When Work Disappears: The World of the New Urban Poor
African American Review, Fall, 1998 by Daryl Michael Scott
Reviewed by
Daryl Michael Scott Columbia University
Since the Great Depression social scientists have believed that long-term unemployment results in tragedies for individuals and families. When work disappears, social disorganization and perhaps personal disorganization are thought to follow. Policy makers have assumed that most Americans will not tolerate high unemployment and that social and political upheaval would ensue as people struggle to hold their lives together. Decades of relative prosperity have meant that the government has not feared political instability arising from unemployment, but in recent years job creation has replaced higher wages as a central political issue.
The consequences of long-term unemployment are so well understood that William J. Wilson's When Work Disappears hardly seems necessary. Yet it has ever been the case that experts must submit special evidence to demonstrate that general sociological theories and findings apply to blacks as well as whites. While conservatives have never convinced white Americans that their problems are personal rather than social, they have convinced them and other groups that the problems in black life are caused by black folks themselves - if not by too much state assistance.
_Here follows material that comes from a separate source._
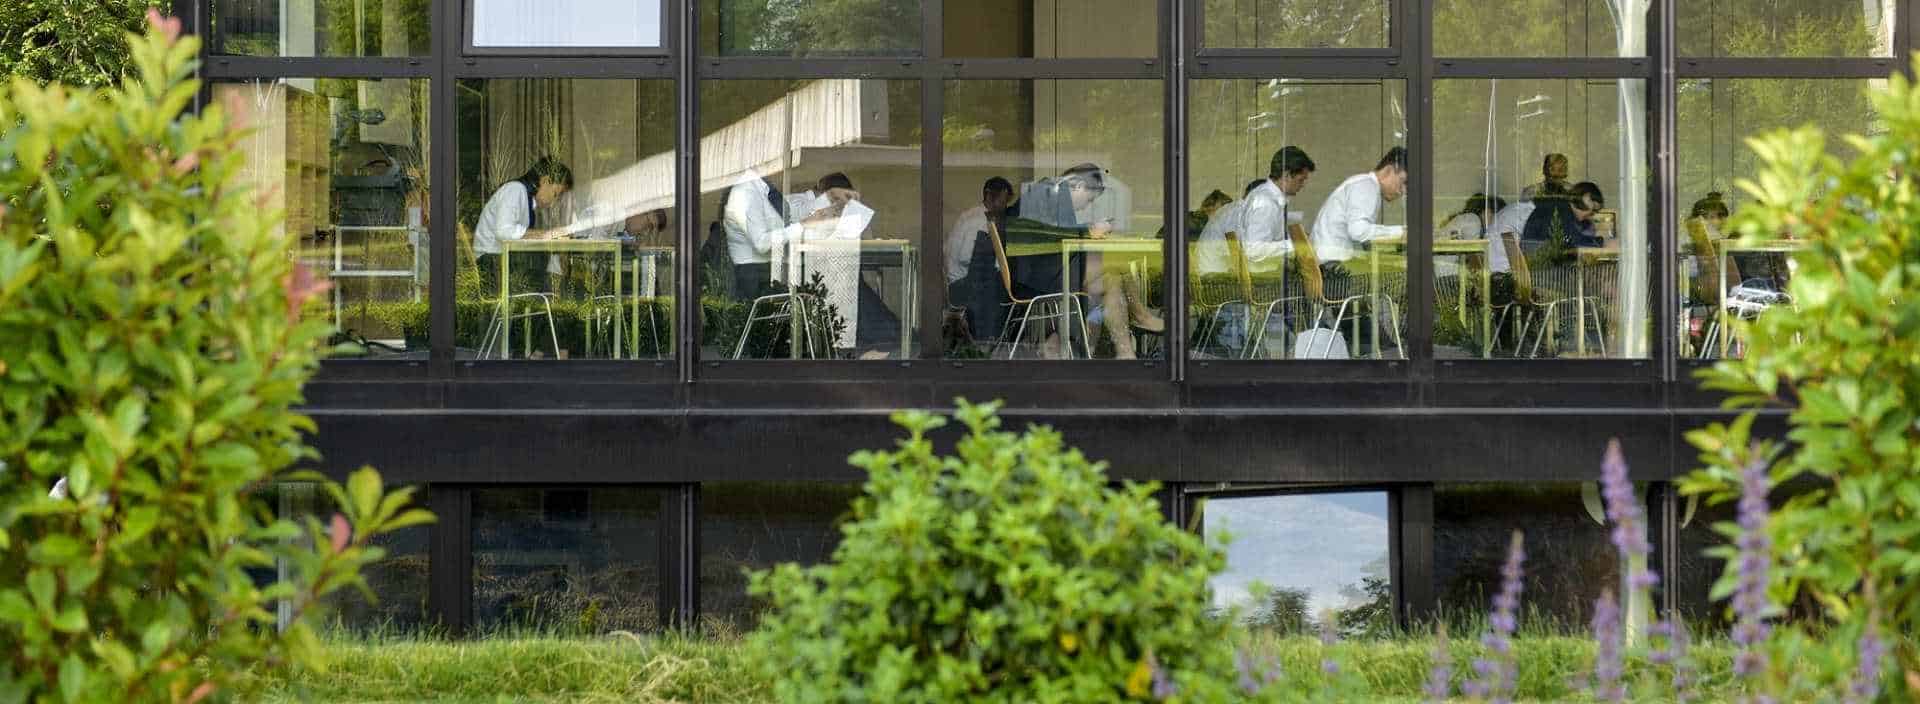 Apprendre un métier passionnat a l'Ecole Hôtelière de Genève, suivez le Cursus généraliste en 3 ans

For over thirty years, ever since the urban crisis of the 1960s, Wilson has shouldered the special burden of showing how sociological processes apply to blacks. Laboring in the post-Moynihan era when liberals eschewed black pathology arguments and conservatives promoted them, he has sought to discuss social disorganization without stigmatizing the poor. In The Declining Significance of Race, he skirted the question of pathology altogether and focused on the rising class divide. In The Truly Disadvantaged, the issue of social disorganization loomed in the background as he highlighted the structural causes of the urban poor's condition. In this newer work he attempts to explain how high rates of unemployment create social disorganization and problems in the inner city.
The inheritor of the Chicago School's tradition of urban ecology and empirical research, Wilson offers an understanding of social disorganization that varies widely from that of his predecessors. For the Chicago School, social disorganization was an attendant aspect of migrations, not of joblessness. Despite employment, immigrants and black migrants lived in social environments that reflected the fact that they had been uprooted. Traditional social control mechanisms did not function properly and individuals had to scramble to restore order to their lives and communities. Individually, the immigrants escaped socially disorganized communities when they experienced social and geographical mobility. Throughout the interwar years, E. Franklin Frazier, the leading urban ecologist who studied blacks, believed economic opportunity would also lift the black masses from the disorganizing forces of migration. During the 1950s, Frazier began to doubt that: the poorest blacks would be saved. Unfortunately, he died before he could undertake his last study of the black family in urban America.
The new urban poverty - or the disorganized inner-city neighborhoods of our time is not a consequence of migration, but of joblessness in the inner city, Wilson maintains. He views postwar black communities as institutional ghettos, a term he borrows from the historian Alan Spear. Prior to the 1970s, the institutional ghettos, Wilson believes, were not idyllic zones devoid of poverty and crime. Yet they had a high degree of social organization. He argues that the institutional ghettos provided jobs and had institutions that served as foundations of social health. It was not until changes in the economy shrank the employment opportunities for inner-city blacks, particularly black men, that social organization began to break down. To make matters worse, working- and middle-class blacks moved away, leaving in their wake high levels of social disorganization. Developments in the 1970s, he believes, led to the social chaos that reached unfathomable levels in the mid-1980s.
For Wilson, the truly disadvantaged who inhabit the disorganized, jobless ghettos face dim prospects. Public transportation often fails to provide access to many job locations, and employers of all races harbor stereotypes about poor blacks, especially black men, and often refuse them work. Contrary to what many think, Wilson does not depict inner-city residents as having a culture of poverty or damaged personalities. Instead he writes of "ghetto-related behaviors." In the tradition of the Chicago School, he subscribes to the belief that people do not need to be overhauled; they simply need opportunity and a new social environment. Recognizing the limits of individual agency, Wilson believes that the state must intervene with social programs, especially job creation.
Wilson concedes that his policy proposals are not politically viable, but he has taken pains to keep them in sync with the average American's view of how social policy should work. Recognizing that most Americans do not support many special programs for the poor or blacks, he advocates universal programs that will disproportionately aid the needy. Universal health care will serve all but would be a boon to low-wage workers, and most Americans might endorse tax credits rather' than direct assistance for the poor. At the heart of his recommendations is a return to a New Deal-style employment program that will provide employment for temporarily displaced workers as well as the poor.